Exclude all images and print the entries below exactly.
━━ Data
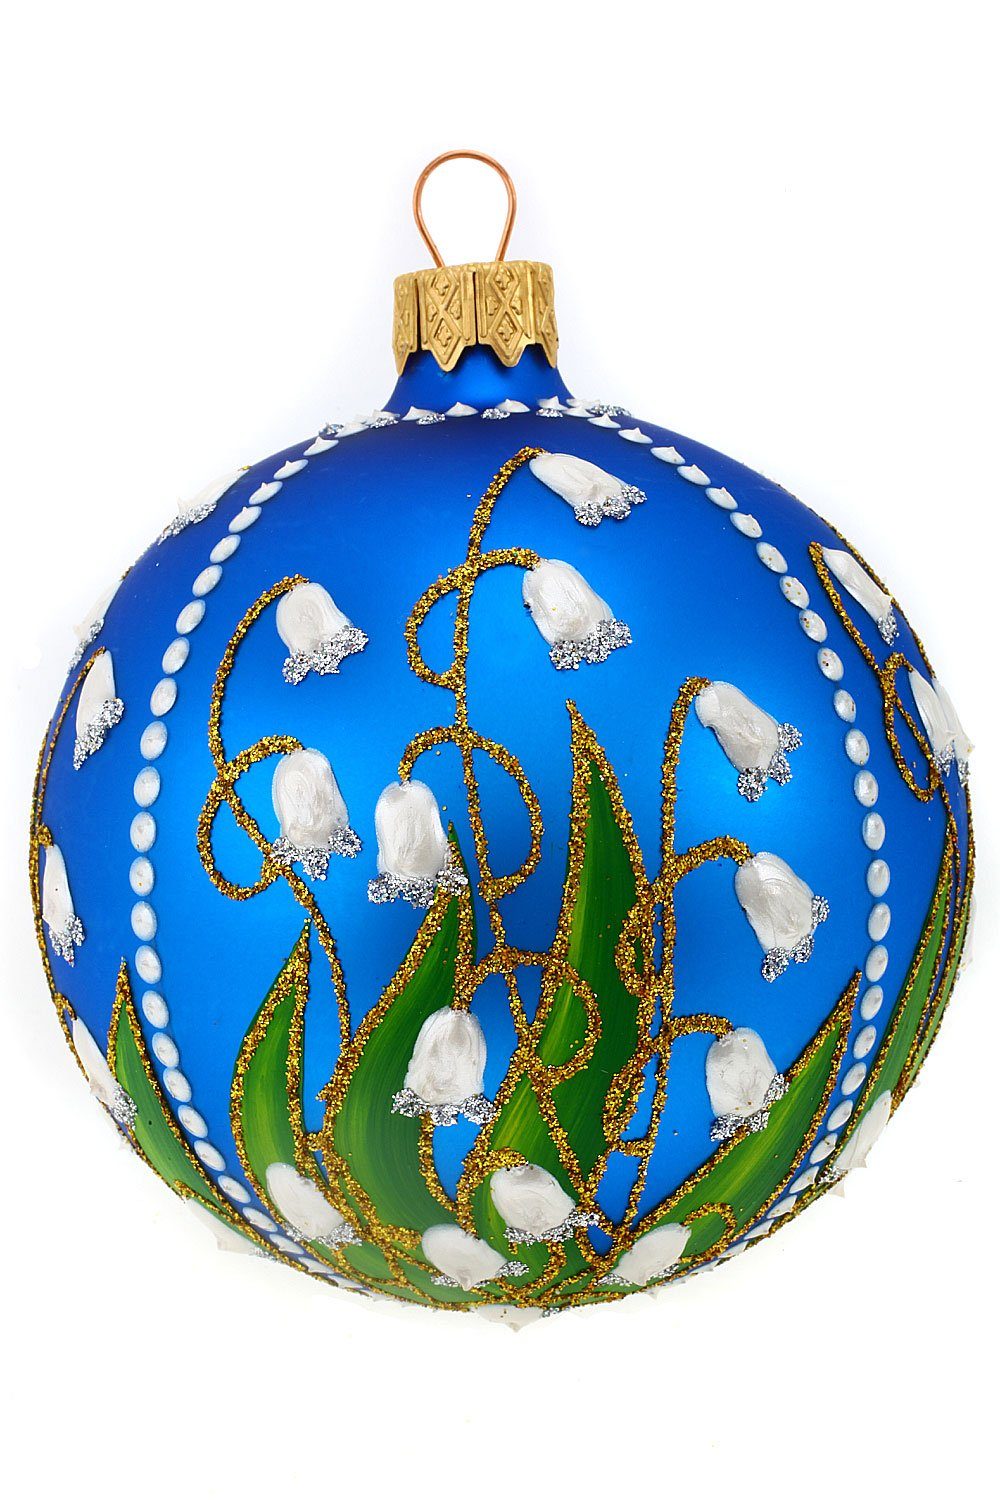 Hamburger Weihnachtskontor Weihnachtsbaumkugel Christbaumkugel mit Maiglöckchen blau, mundgeblasen - handdekoriert
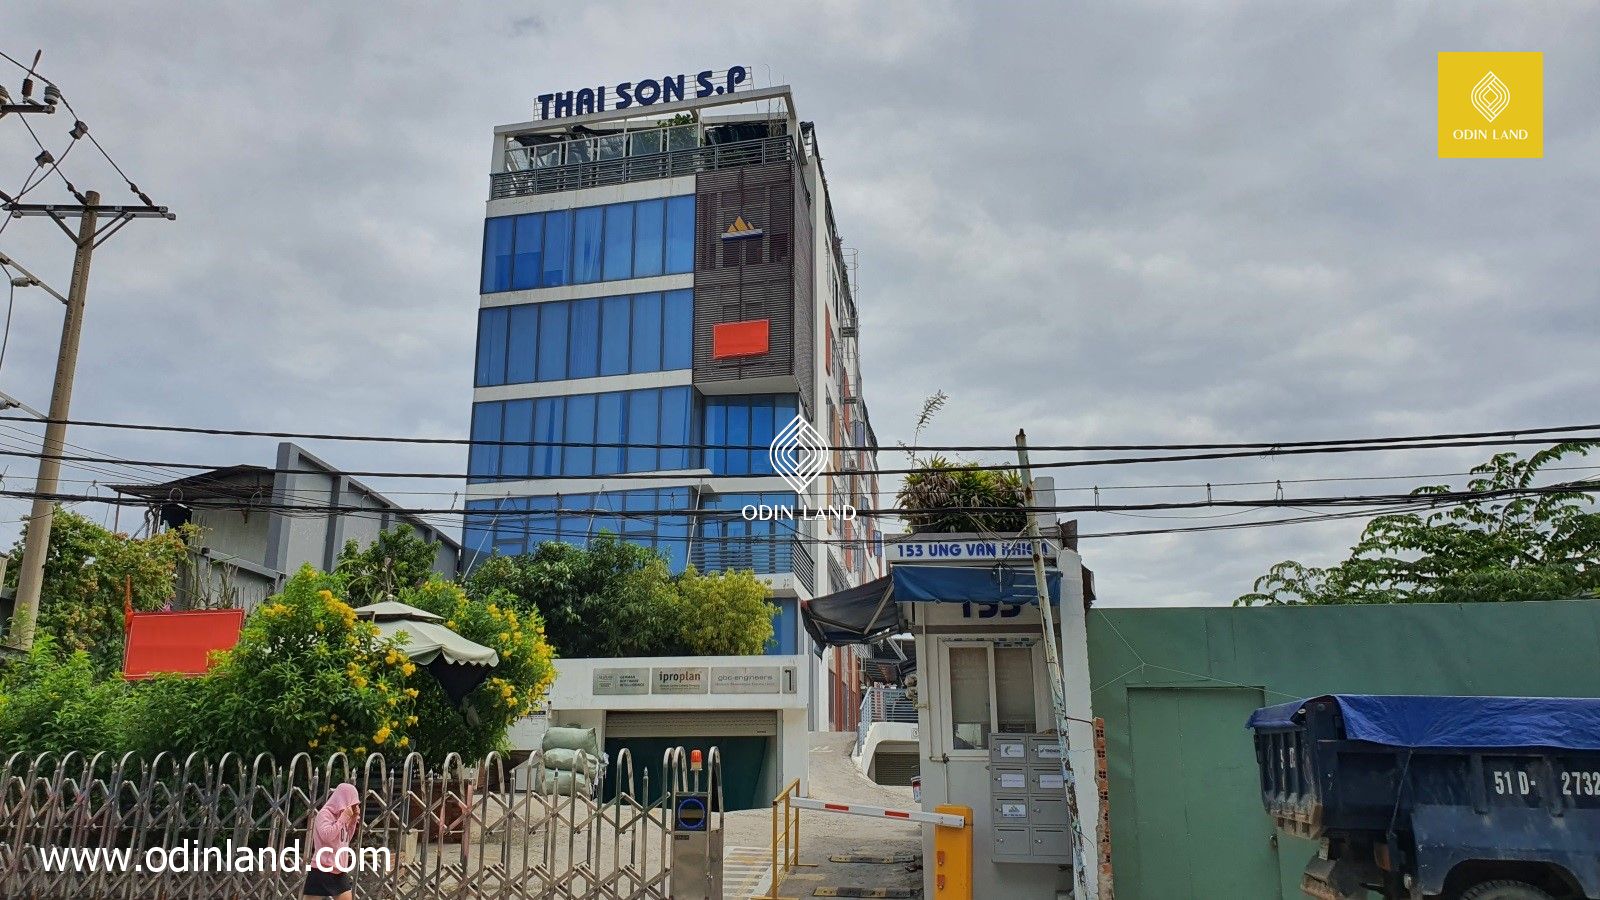 Van Phong Cho Thue Toa Nha Thai Son S.p Building 1
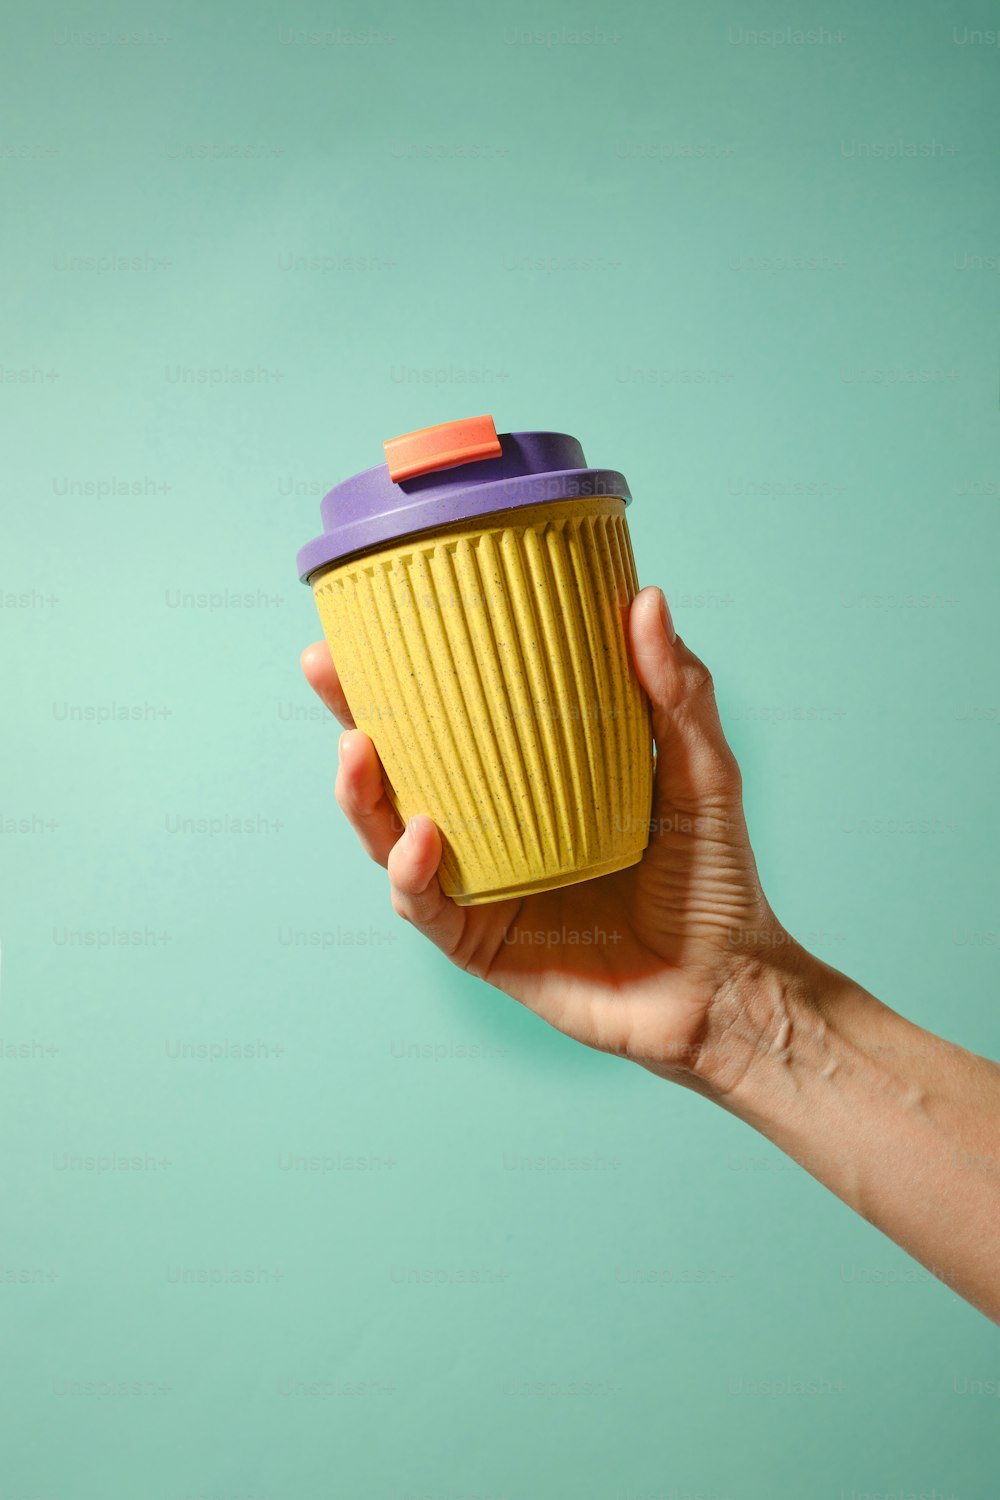 보라색 뚜껑이 있는 노란색 컵을 들고 있는 손
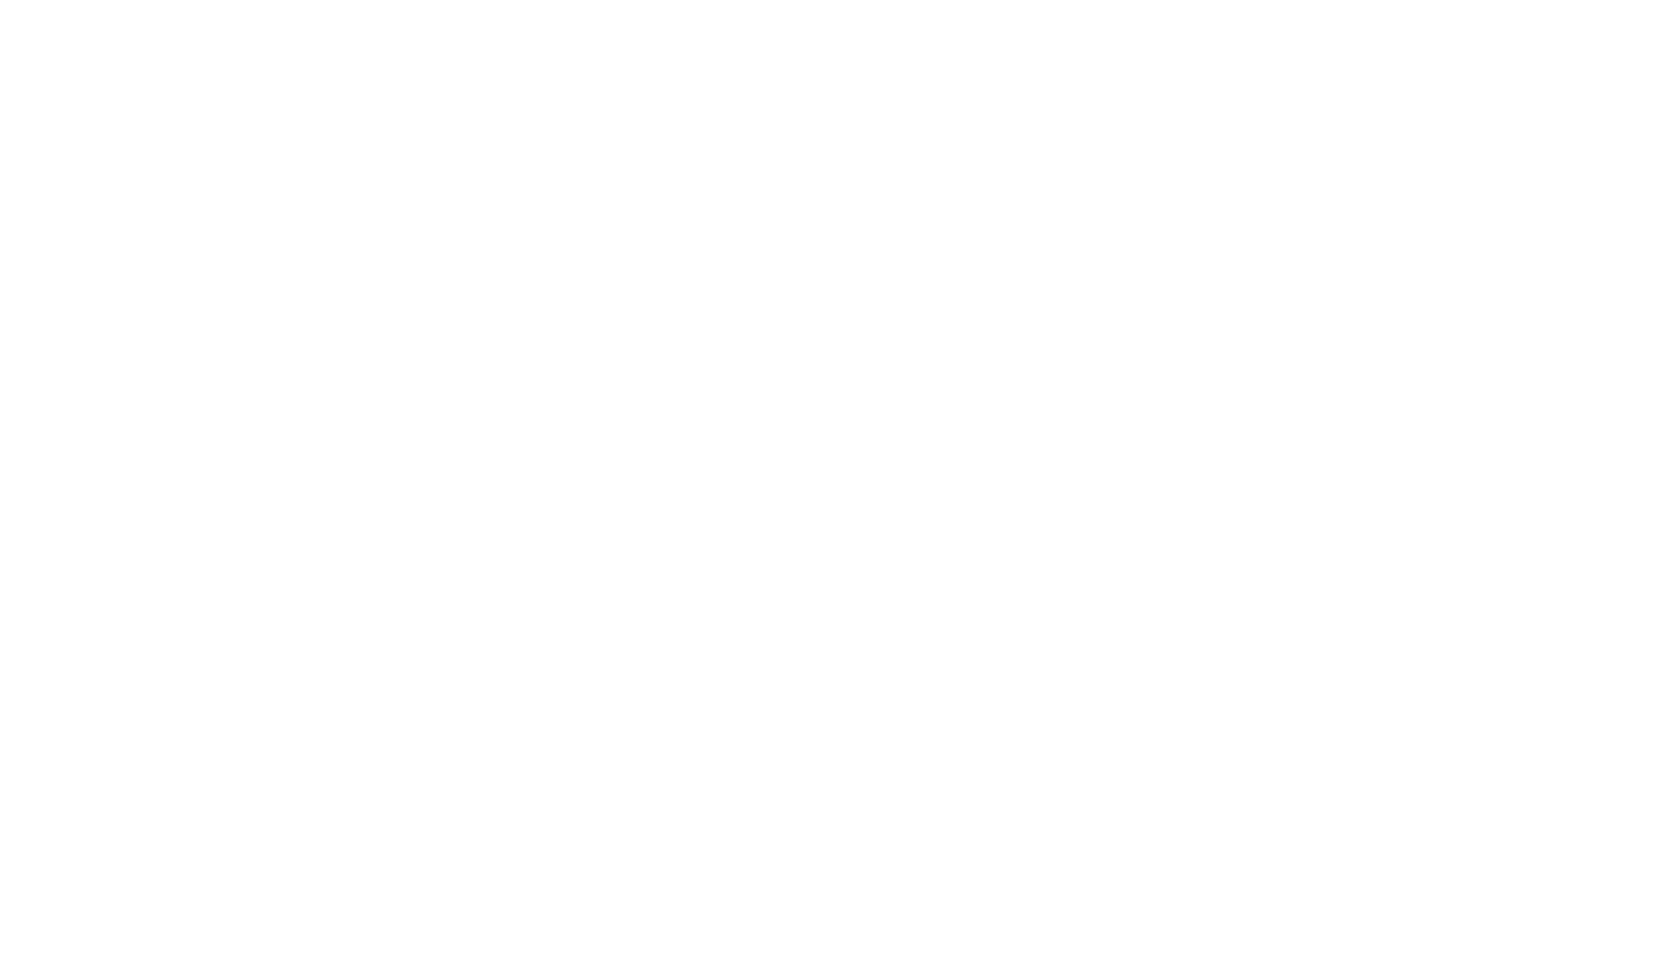 QC Toolbox wordmark
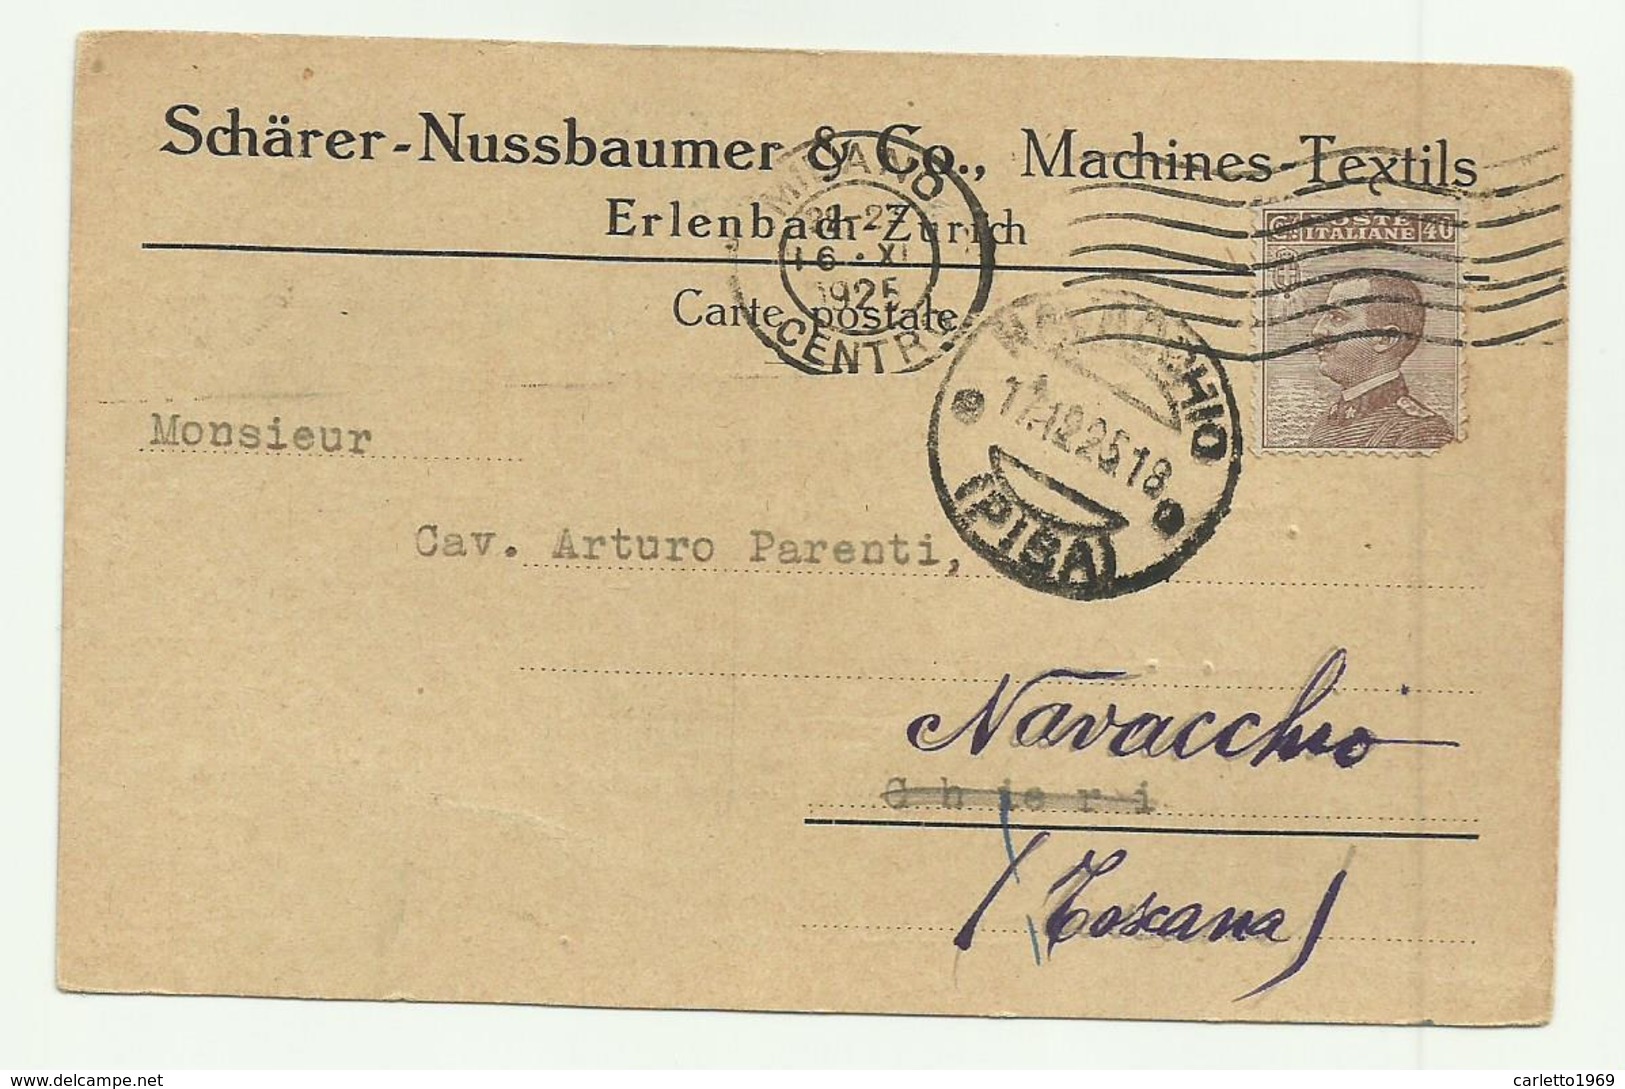 ERLENBACH - ZURICH - SCHARER - NUSSBAUMER & Co. MACHINES TEXTILS 1925 FP - Zürich
━━━━
Response to this task:
 Hamburger Weihnachtskontor Weihnachtsbaumkugel Christbaumkugel mit Maiglöckchen blau, mundgeblasen - handdekoriert
 Van Phong Cho Thue Toa Nha Thai Son S.p Building 1
 보라색 뚜껑이 있는 노란색 컵을 들고 있는 손
 QC Toolbox wordmark
 ERLENBACH - ZURICH - SCHARER - NUSSBAUMER & Co. MACHINES TEXTILS 1925 FP - Zürich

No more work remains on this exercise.